Renklerin insan psikolojisi ve hisler üzerindeki tesirini anla­mak, tasarım süreçlerimiz için çok değerli. Biliyoruz ki, şuurlu yahut bi­linçsiz olarak hissettiklerimizi dışa­vurmak ve hatta bazen ruh halimizi değiştirmek için renkleri kullanıyo­ruz; zira farklı renklere duygusal ve içgüdüsel olarak reaksiyon veriyoruz. Kırmızılar bize güç verirken, ma­viler bizi sakinleştiriyor. Sarılar ruh halimizi yükseltip yaratıcılığımıza ilham veriyor; yeşiller zihnimizi te­mizleyip bizi dinlendiriyor.

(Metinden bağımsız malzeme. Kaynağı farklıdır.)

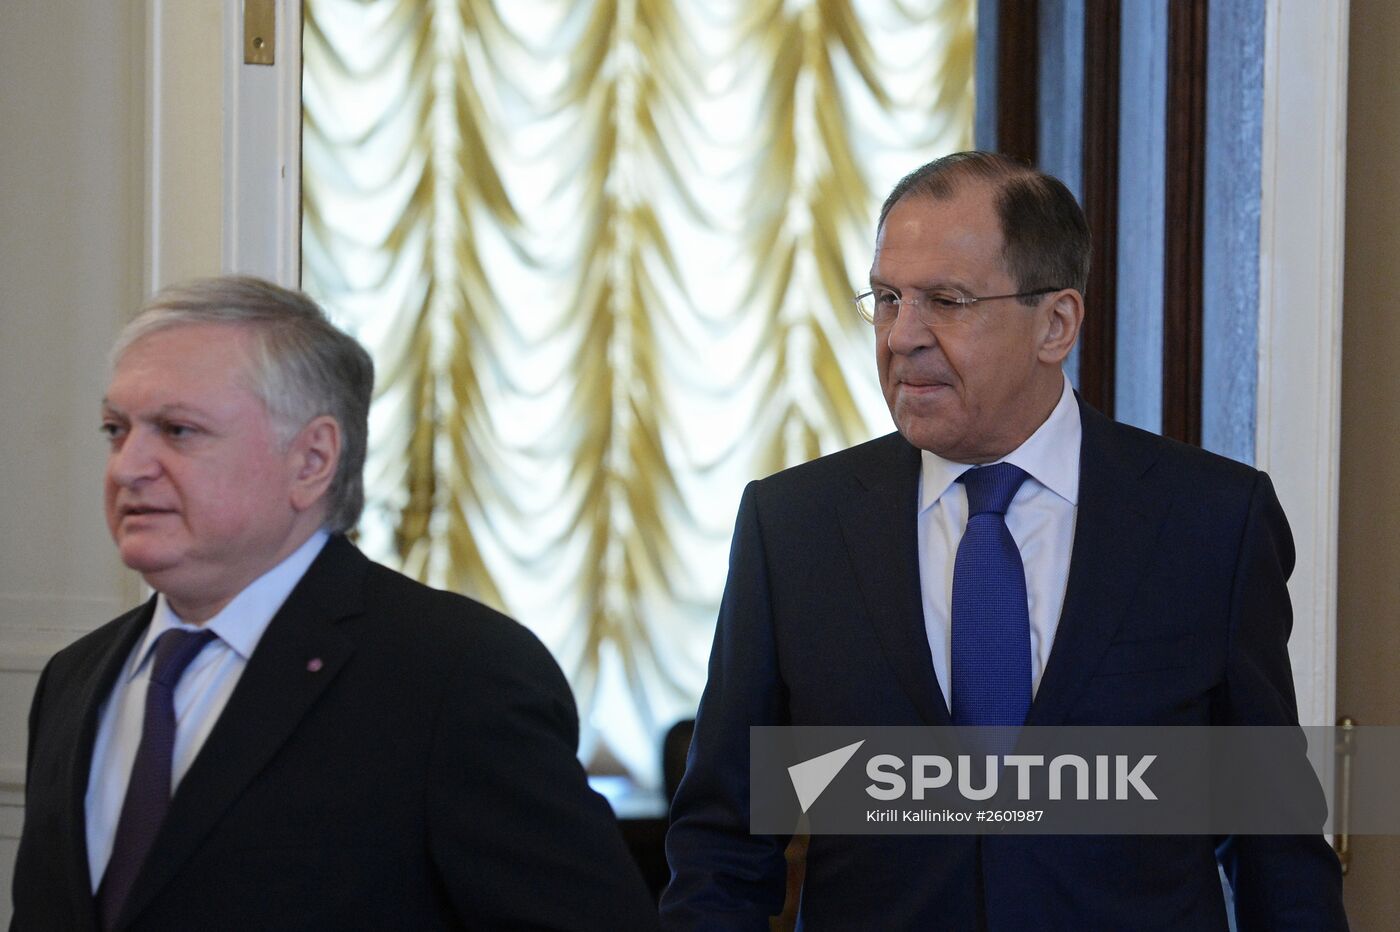 Meeting of Russian and Armenian foreign ministers

Bir koleksiyon oluştururken farklı hisleri yansıtan renklere yer veri­yoruz. Hem güç veren hem de sa­kinleştiren renkleri koleksiyonda bir ortaya getirerek bir ömür alanın­da yaratılmak istenilen duyguyu sağ­layan renkleri sunuyoruz.

Yaşam alanlarında ülkü olan renklerden ve 2024 moda renk­lerinden bahseder misiniz?

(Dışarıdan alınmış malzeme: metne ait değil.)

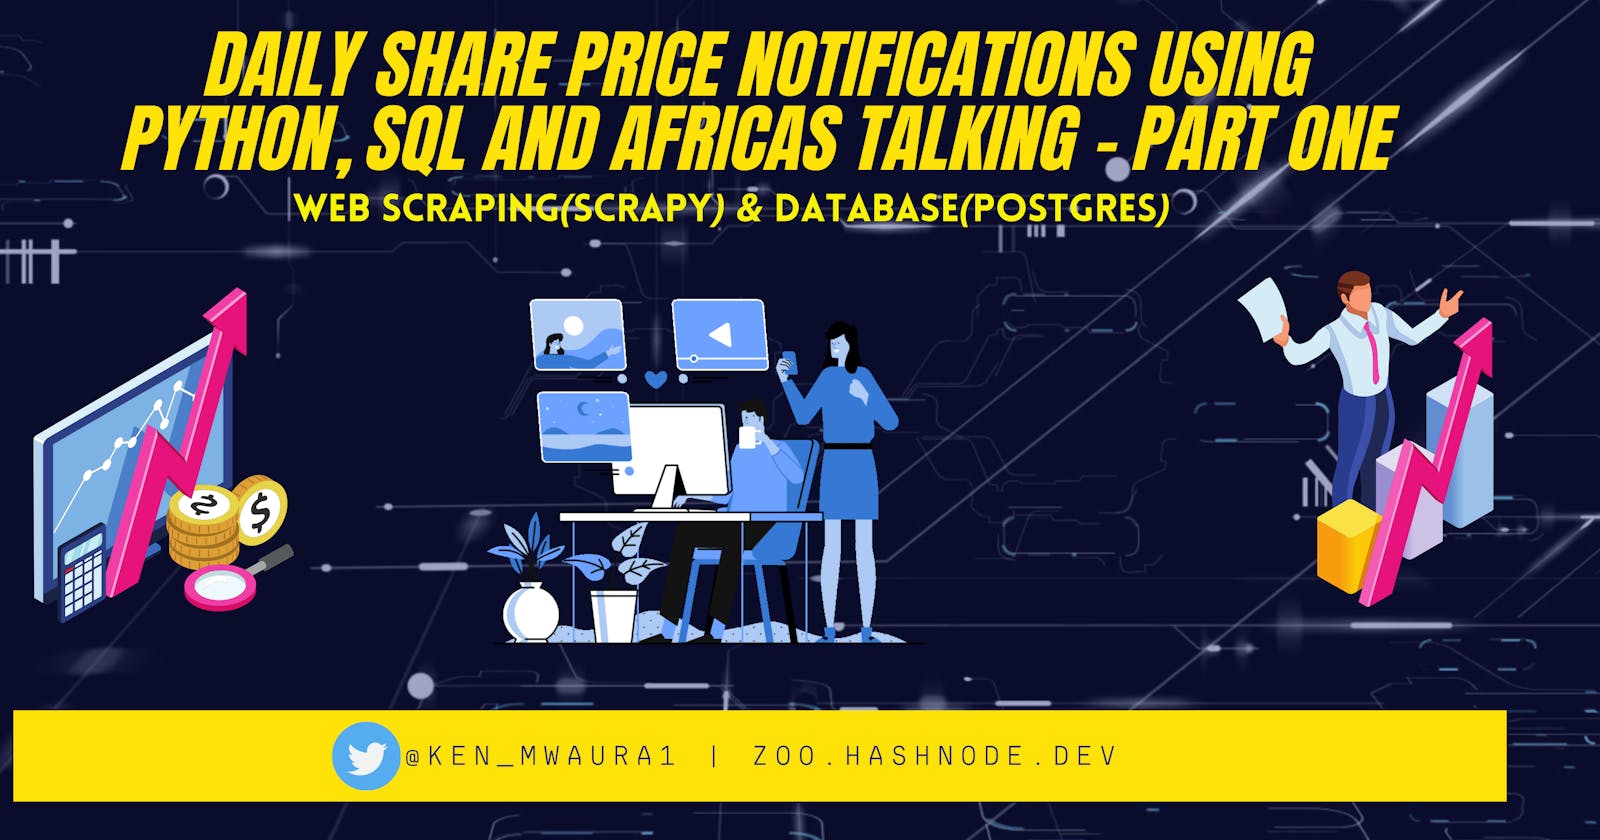 Daily Share Price Notifications using Python, SQL and Africas Talking - Part One

Bu yılki Tuval renk koleksiyonu­muzla herkesin içindeki sanatkara sesleniyoruz. Meskenlerine yaratıcılık­larını yansıtmak isteyen herkese il­ham verecek bu koleksiyonumuz, bu sene özel olarak tasarlanan 10 yeni renk ile birlikte tabiattan gelen top­lamda 23 renkten oluşuyor.

Yaptığımız araştırmalarda dünya­daki tüm eğilimlerin tek bir istikamette ilerlediğini görüyoruz: Beşerler da­ha uygun bir hayat istiyor. Yapay trend­lere uymayı reddediyor ve yaratıcı­lıklarını kendi hayatlarına yansıt­mak istiyorlar. Günlük hayatımızda bizi rahatlatan, kendimizi tabir ede­bileceğimiz her şeyi yapıyoruz: ye­mek, müzik, kendimize ilişkin bir alan yaratmak ve renkler… Biz de, doğa­nın nefes almak için ziyaret ettiği­miz yerlerden biri olduğunu çok güzel biliyoruz. Bu nedenle bu yılın ana renkleri yeşil tonları diyebilirim.

“Hepimizin çocukluğundan beri favori renkleri var”

Renk bilimi ve sanatına dayalı olarak, kullanıcıların farklı renk­leri nasıl bir ortaya getirebilecek­lerine dair rehberlik etmek için hangi formülleri ve prensipleri kullanıyorsunuz?

Aslında mevzu renkler olduğun­da hepimizin az çok tercihleri muhakkak oluyor. Sonuçta hepimizin çocukluğundan beri favori renk­leri var. Yalnızca bunları bir ortada kullanırken emin olamıyoruz ve birilerinin onaylamasını istiyo­ruz. Renklerin uygulanmış hal­lerini, fotoğraflarını görüp ilham almaya gereksinimimiz oluyor. Bizim her yıl küresel renk lansmanı yap­mamızın gerisinde yatan temel neden de bu. İnsanlara ilham vermek ve renklerimizi dene­yimlemelerini sağlamak.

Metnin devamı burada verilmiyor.